Si l’affaire Mofa Sory Douno devait avoir une suite judiciaire, il faudra se garder de reproduire le précédent lié à l’affaire Ismaël Nanfo Diaby. Lorsque cet » imam » controversé a été appréhendé à son domicile pendant qu’il dirigeait une prière en maninka, beaucoup de juristes s’étaient posés la question de savoir ce qui pouvait lui être reproché pénalement et si les faits à lui reprochés étaient fondés.
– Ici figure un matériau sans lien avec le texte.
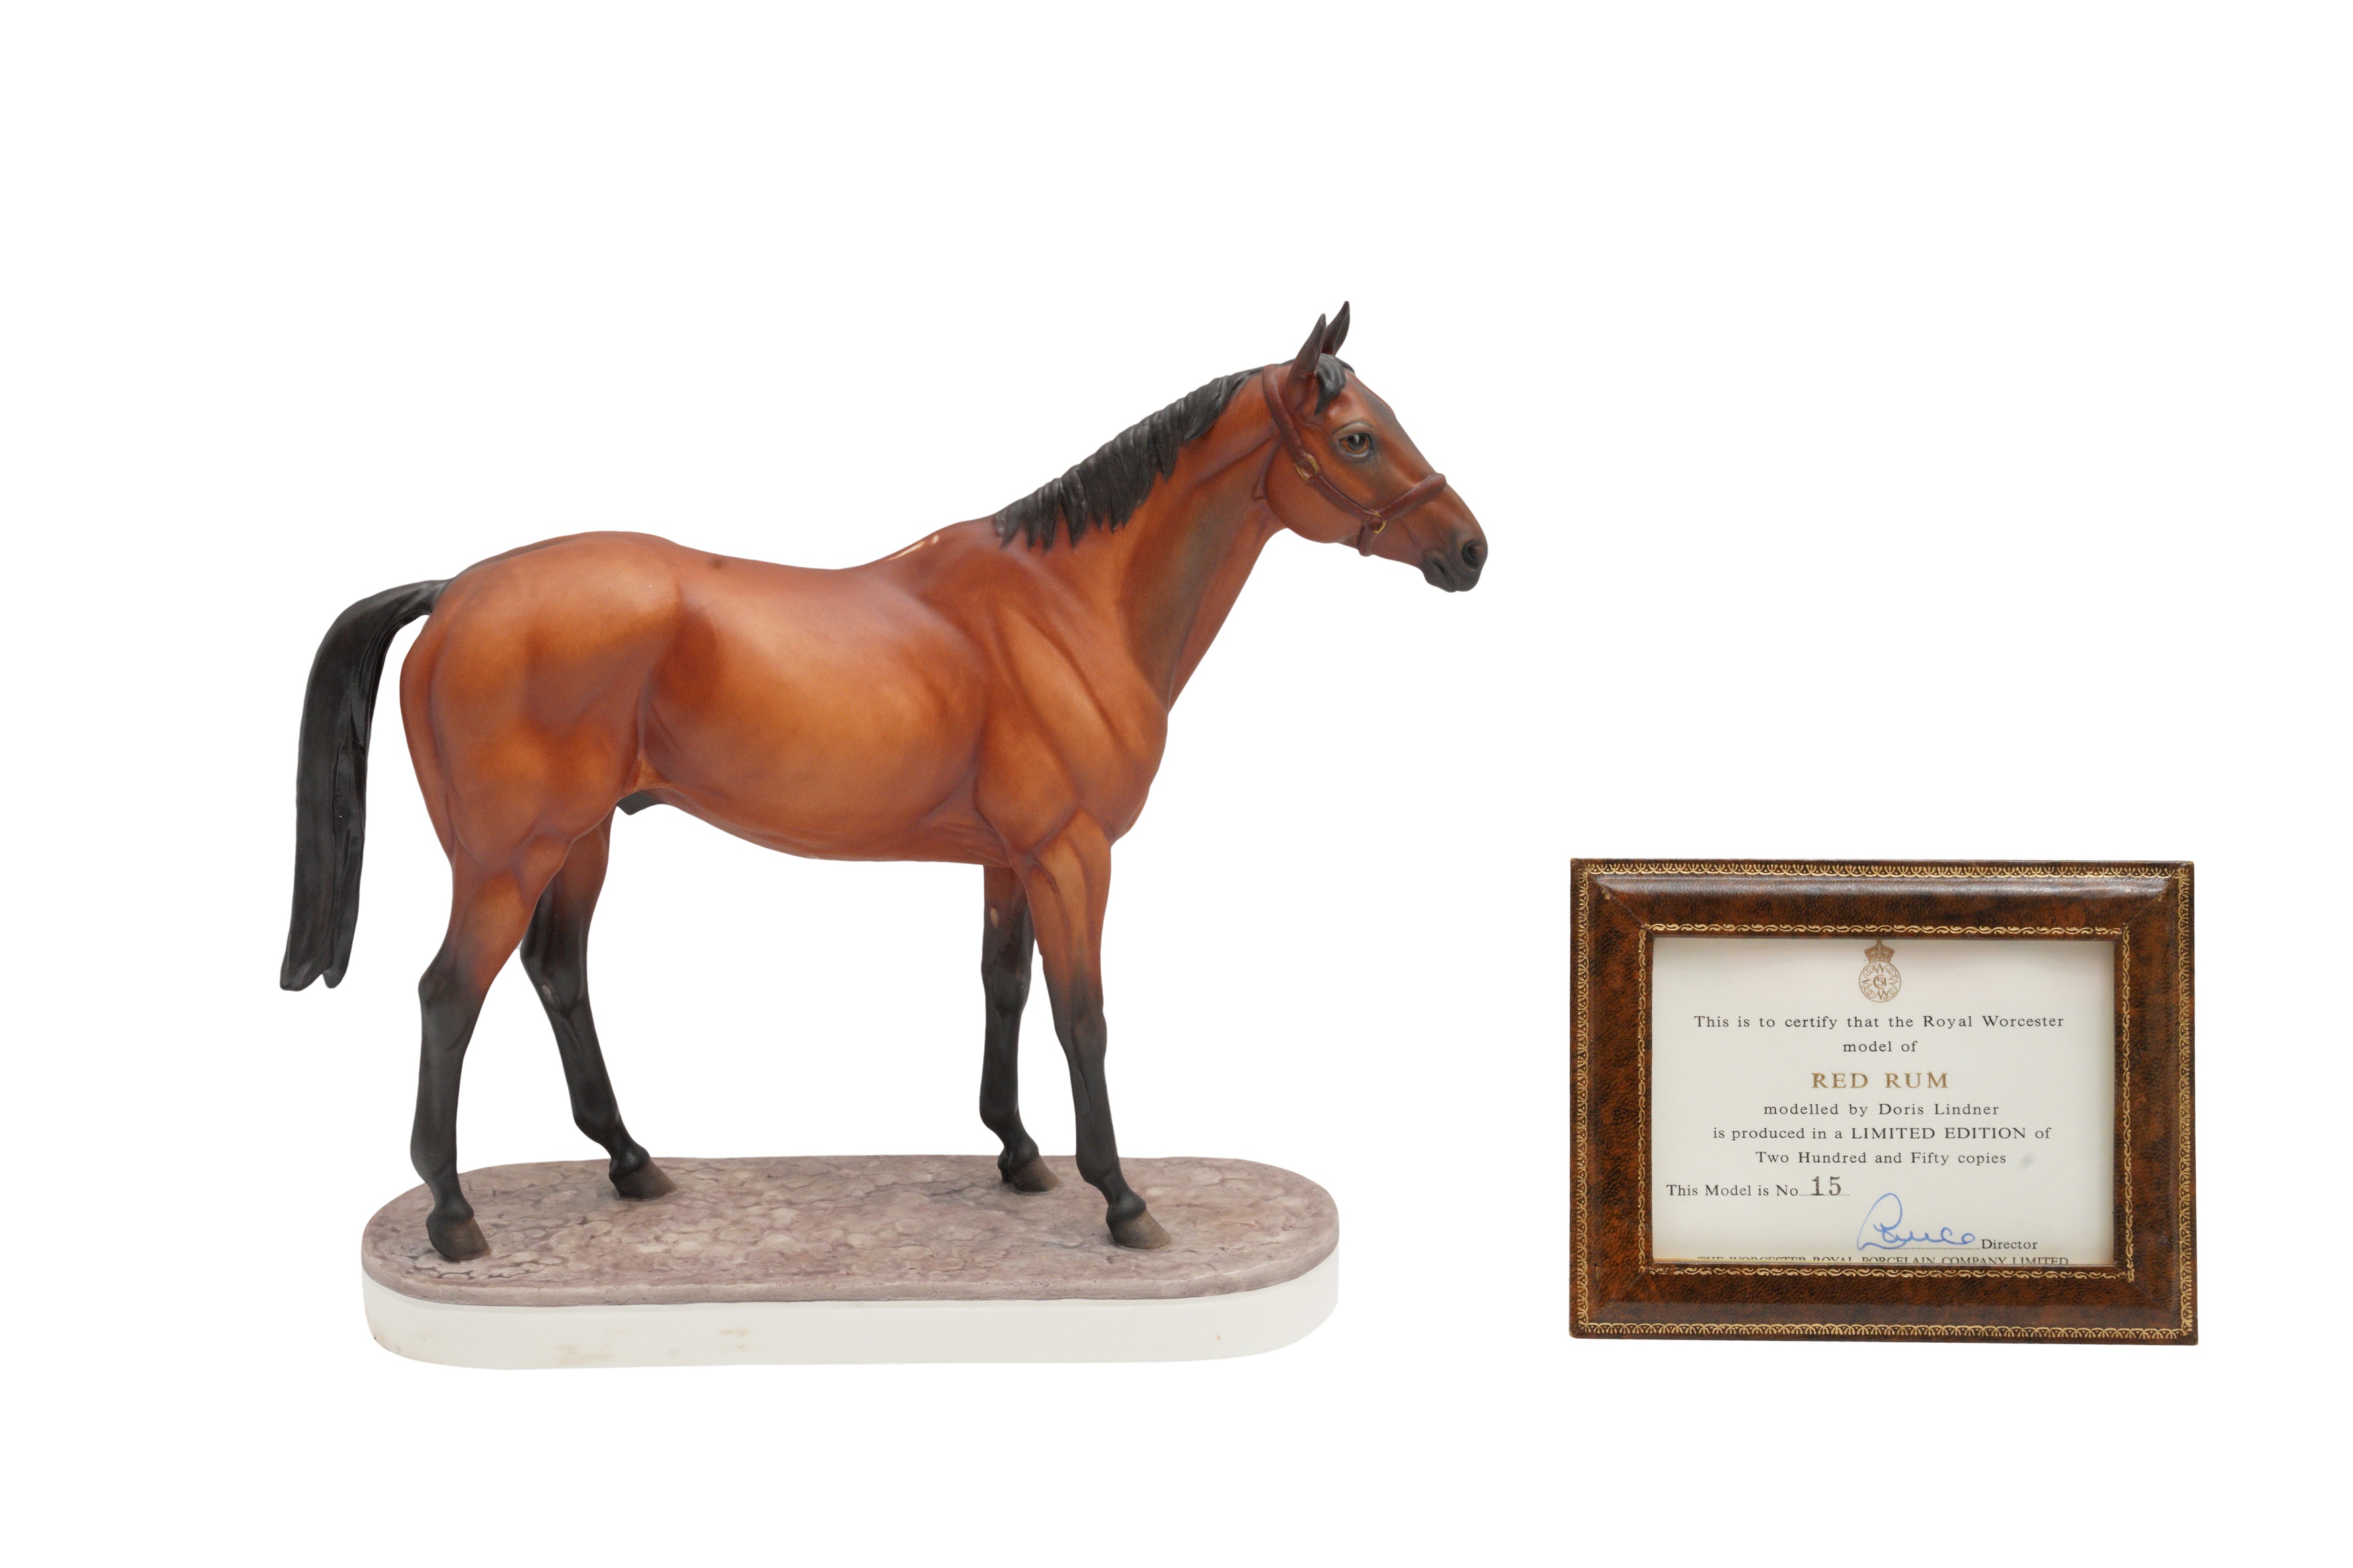 A LIMITED EDITION ROYAL WORCESTER FIGURE OF RED RUM

Devant le Tribunal de Première Instance de Kankan qui était territorialement competent, il avait été poursuivi pour » troubles à l’ordre public ». En dépit du fait que de nombreux juristes avaient trouvé, à juste raison d’ailleurs, que cette qualification était un peu tirée par les cheveux et que les poursuites engagées contre Ismaël Nanfo Diaby n’avaient d’autre but que de contenter une opinion publique qui lui en voulait à mort.
En dépit de l’inexistence de base légale relative aux poursuites et surtout de la vacuité du dossier, le juge l’a condamné, le 26 mai 202, à un an de prison dont 6 mois avec sursis et 500.000 de francs guinéens pour troubles à l’ordre public.
Il faut rappeler qu’il lui était reproché également d’avoir enfreint à une interdiction qui lui avait faite par le Secrétaire Général aux Affaires religieuses de diriger publiquement des prières.
Après quatre mois de détention, il a recouvré sa liberté à la suite d’un arrêt de la Cour d’appel de Kankan en date du 12 octobre 2021 qui a déclaré que le délit de troubles à l’ordre public n’était pas fondé. Il a tout au plus été condamné au paiement de 50.000 de francs guinéens d’amende pour violation d’un acte réglementaire.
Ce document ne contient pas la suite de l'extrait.